When practicing everyday self care, individuals should consider physical and mental care as equally important factors. Most often, physical self care is routine, inbuilt from childhood such as brushing your teeth, however we need to consciously pay attention to a wider set of criteria, including care of the mind, emotions, relationships and time.
Employment rates are at an all time high in the UK with 76% of adults (16-64) in work, so encouraging self care within these environments seems like a logical place to promote and actively practice self care, leading to stronger morale, more productivity, less stress, and increased motivation amongst employees.
Three ways to practice self care in the workplace
Eat like you mean it
We understand that our working days can be manic and sometimes lunchtime creeps up unexpectedly. We’re all guilty of checking the clock and saying ‘How is it one o’clock already!?” It’s important to respect time to break and eat and look forward to removing ourselves from our desks and screens to enjoy food.
Eating provides the body with valuable time to unwind, relax and nourish. Tucking into a good lunch even triggers an opioid release in the brain, signaling feelings of satiety and pleasure.
The practice of preparing food is an added bonus, providing a screen-free ritual of creating meals.
Speak to colleagues, other teams and management. Practice self care by initiating open, communicative relationships at work.
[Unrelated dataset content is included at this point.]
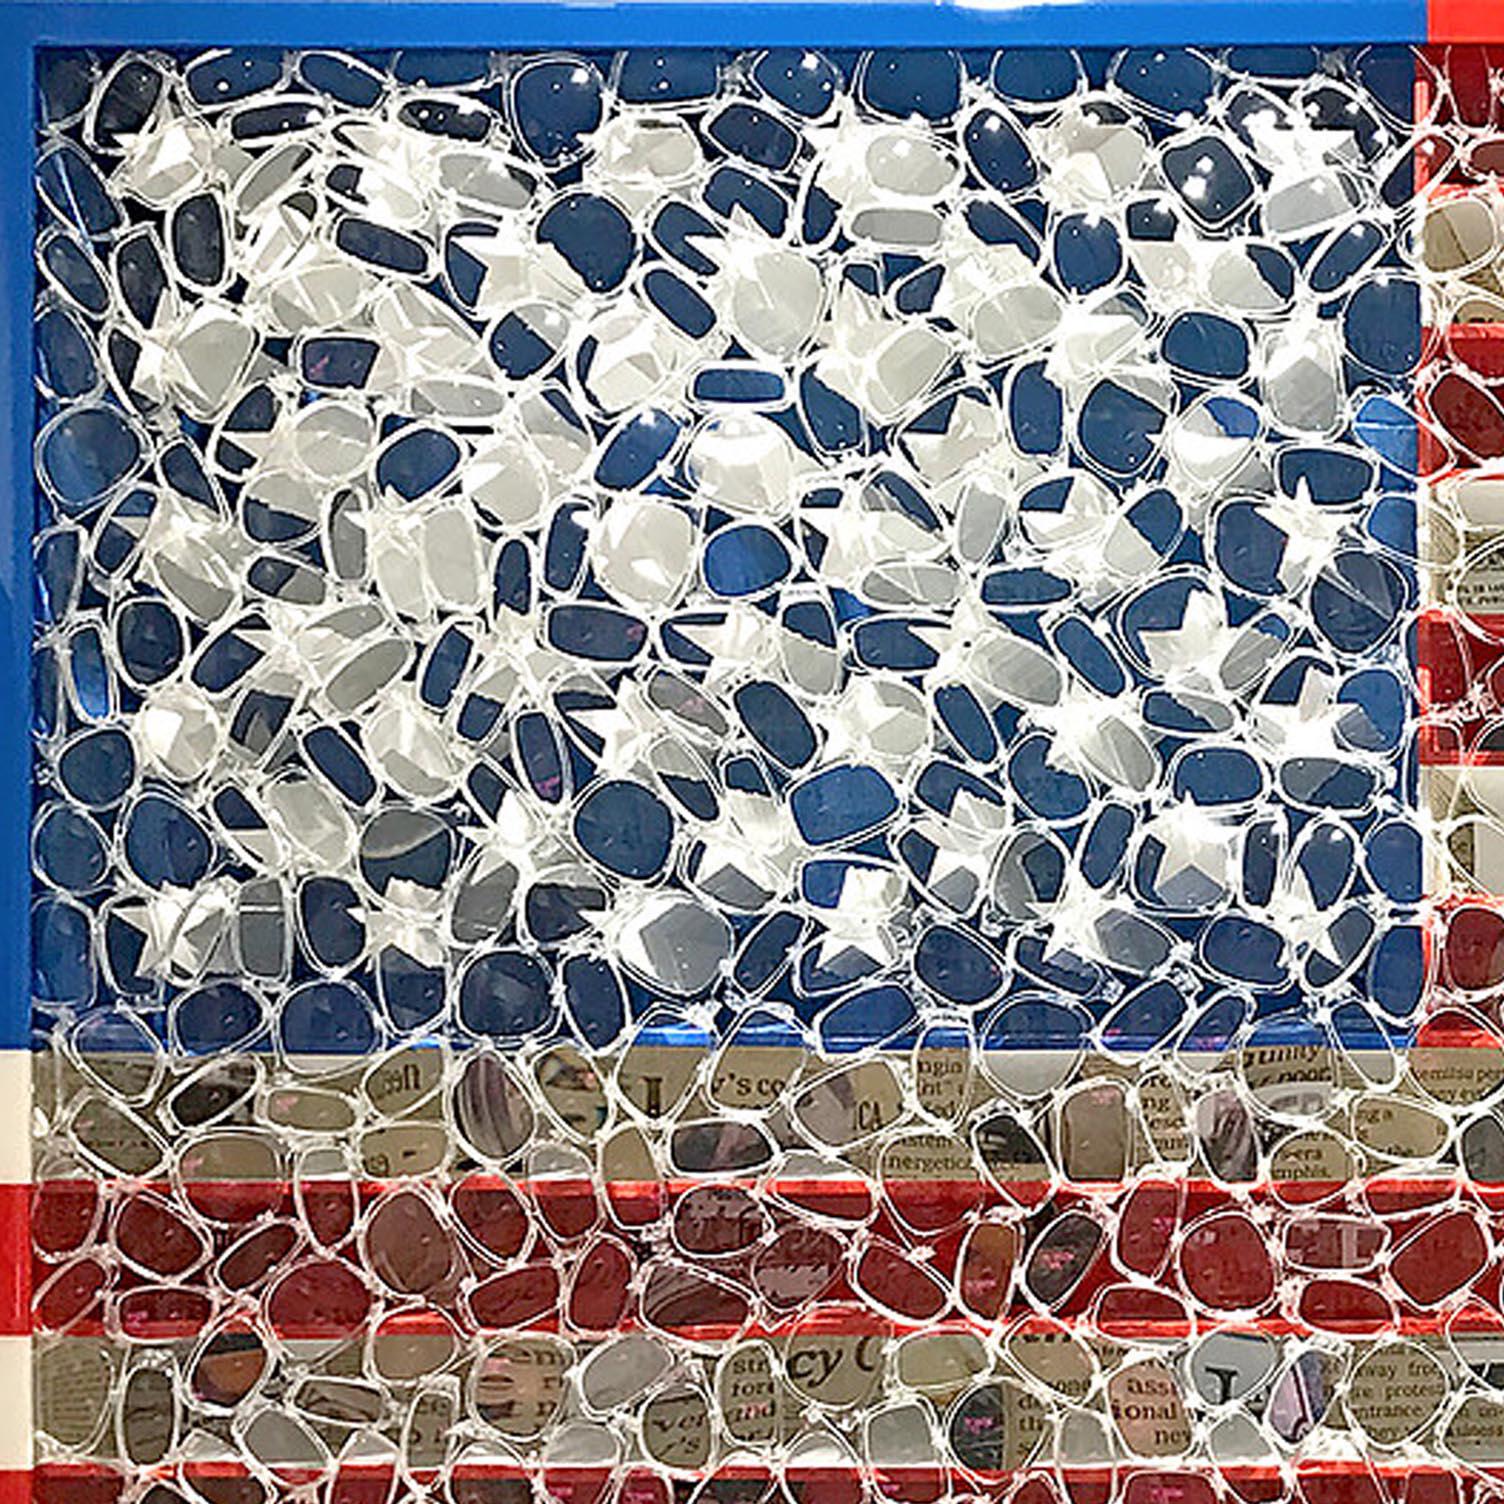 USA Flag - Sculpture by David Datuna

Not only may we learn something interesting, funny or new through conversations, but we may also find that opening up about an issue or challenge will result in a resolution or at least a plan of action to address it.
Help the brain to rest and rejuvenate by taking a short break every 90 minutes. Do something non-work related such as; making a coffee and having a chat or taking a walk around the block listening to a podcast, mindfulness app or simply by watching the world around us. Resetting the brain with regular breaks can provide major benefits on our ability to focus and create.
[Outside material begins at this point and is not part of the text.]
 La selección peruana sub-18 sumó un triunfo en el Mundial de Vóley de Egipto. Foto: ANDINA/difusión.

Check out 'Gone For Lunch: 52 things to do in your lunch break' by Laura Archer for inspiration of how to reset and re-energise.
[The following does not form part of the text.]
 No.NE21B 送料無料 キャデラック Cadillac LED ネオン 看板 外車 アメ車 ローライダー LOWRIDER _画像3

Three Ways to practice self care at work and at home
Technology is key to most people’s work lives. Whatever our roles, from film editor to receptionist, most of our day can be spent in front of a screen. We understand that indulging in a little Facebook scrolling can be relaxing; scientifically speaking, it actually releases dopamine contributing to feelings of pleasure and satisfaction.
However if this activity, in excess, is detracting from the job at hand, studies or relationships, it’s time to take a detox.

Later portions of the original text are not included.